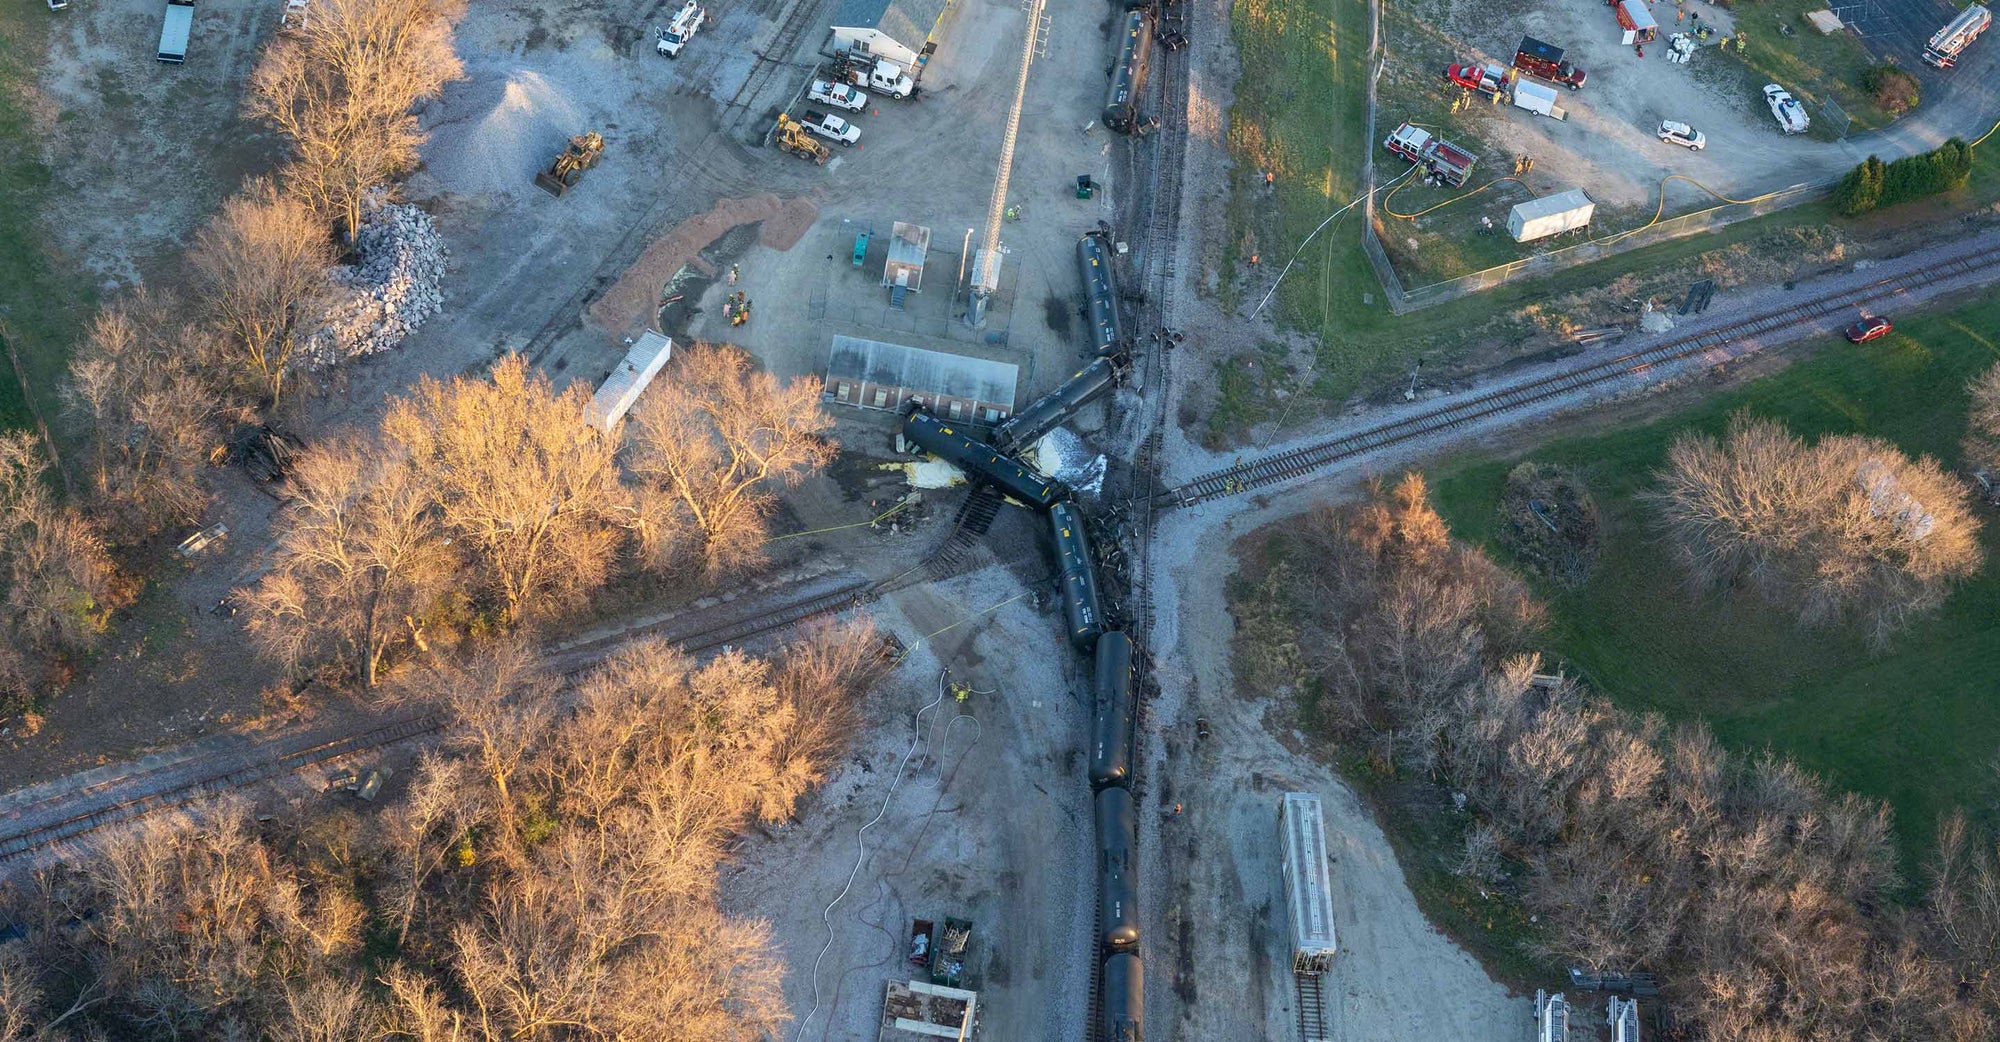 derailed train
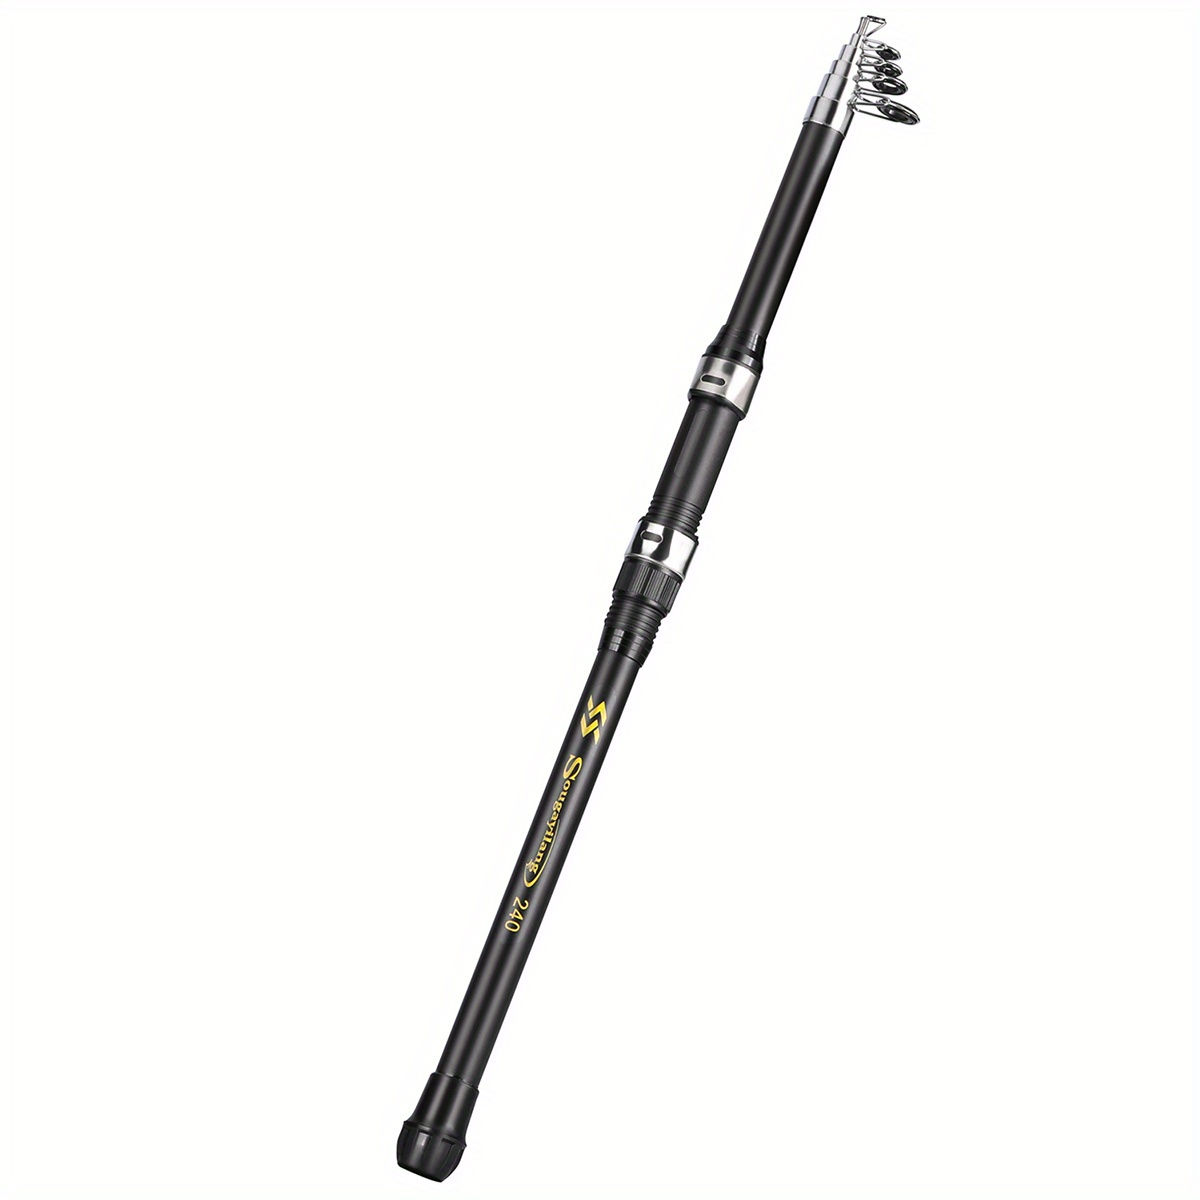 Sougayilang Super Light Durable Telescopic Fishing Rod, Black
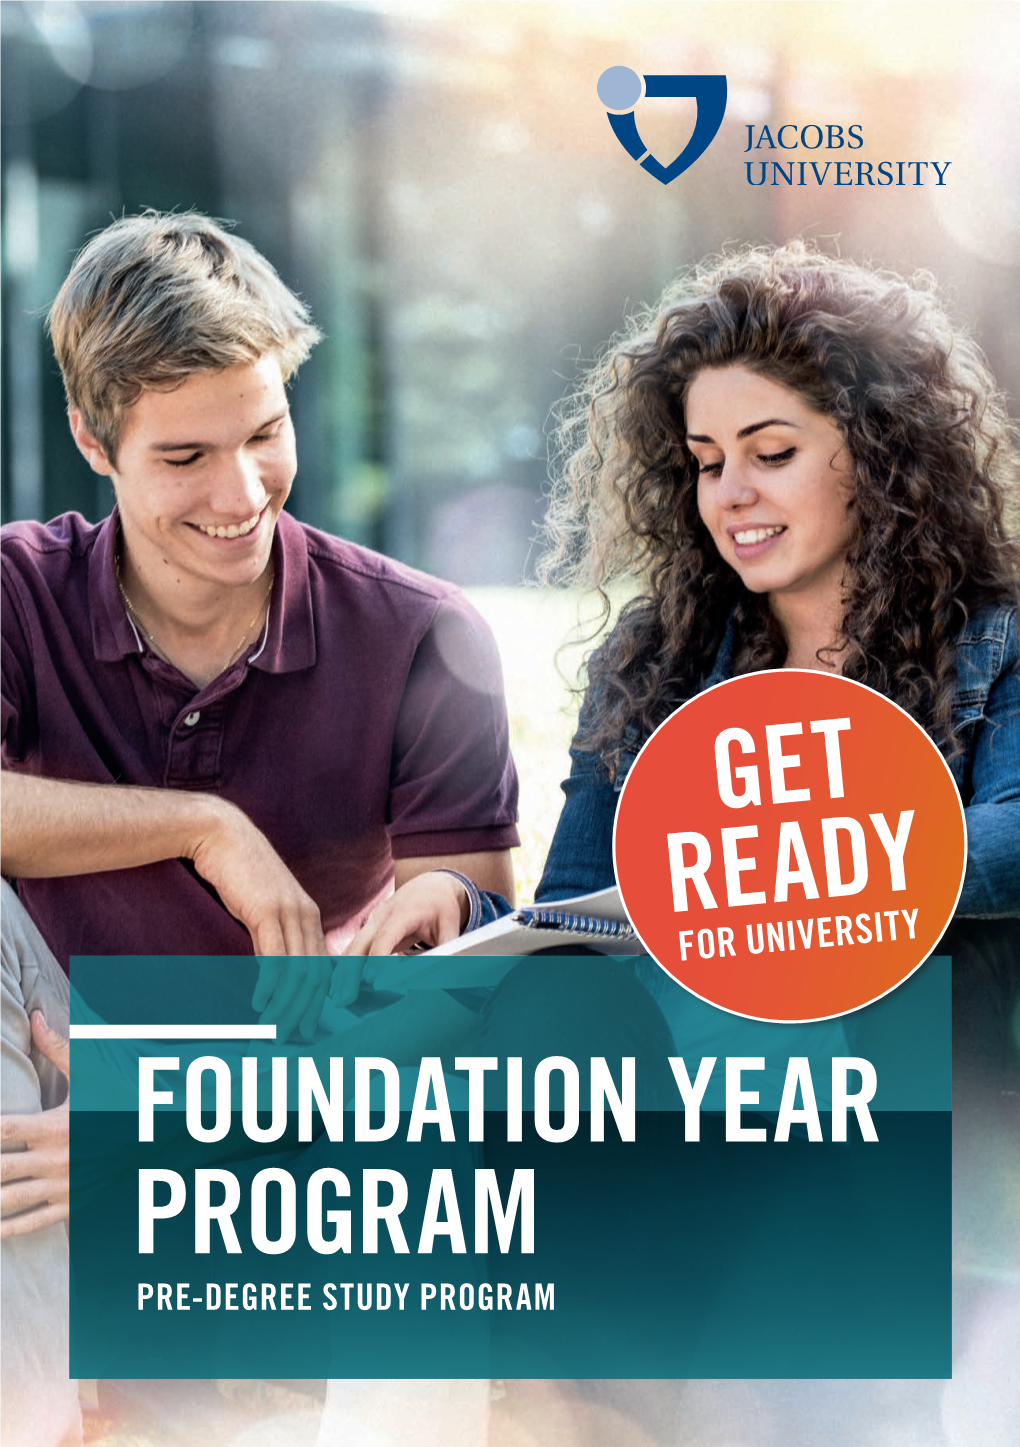 Foundation Year Program Pre-Degree Study Program the Program

_Task details_. Restate each line of the material word for word, skipping any picture.

_Response area_.
 derailed train
 Sougayilang Super Light Durable Telescopic Fishing Rod, Black
 Foundation Year Program Pre-Degree Study Program the Program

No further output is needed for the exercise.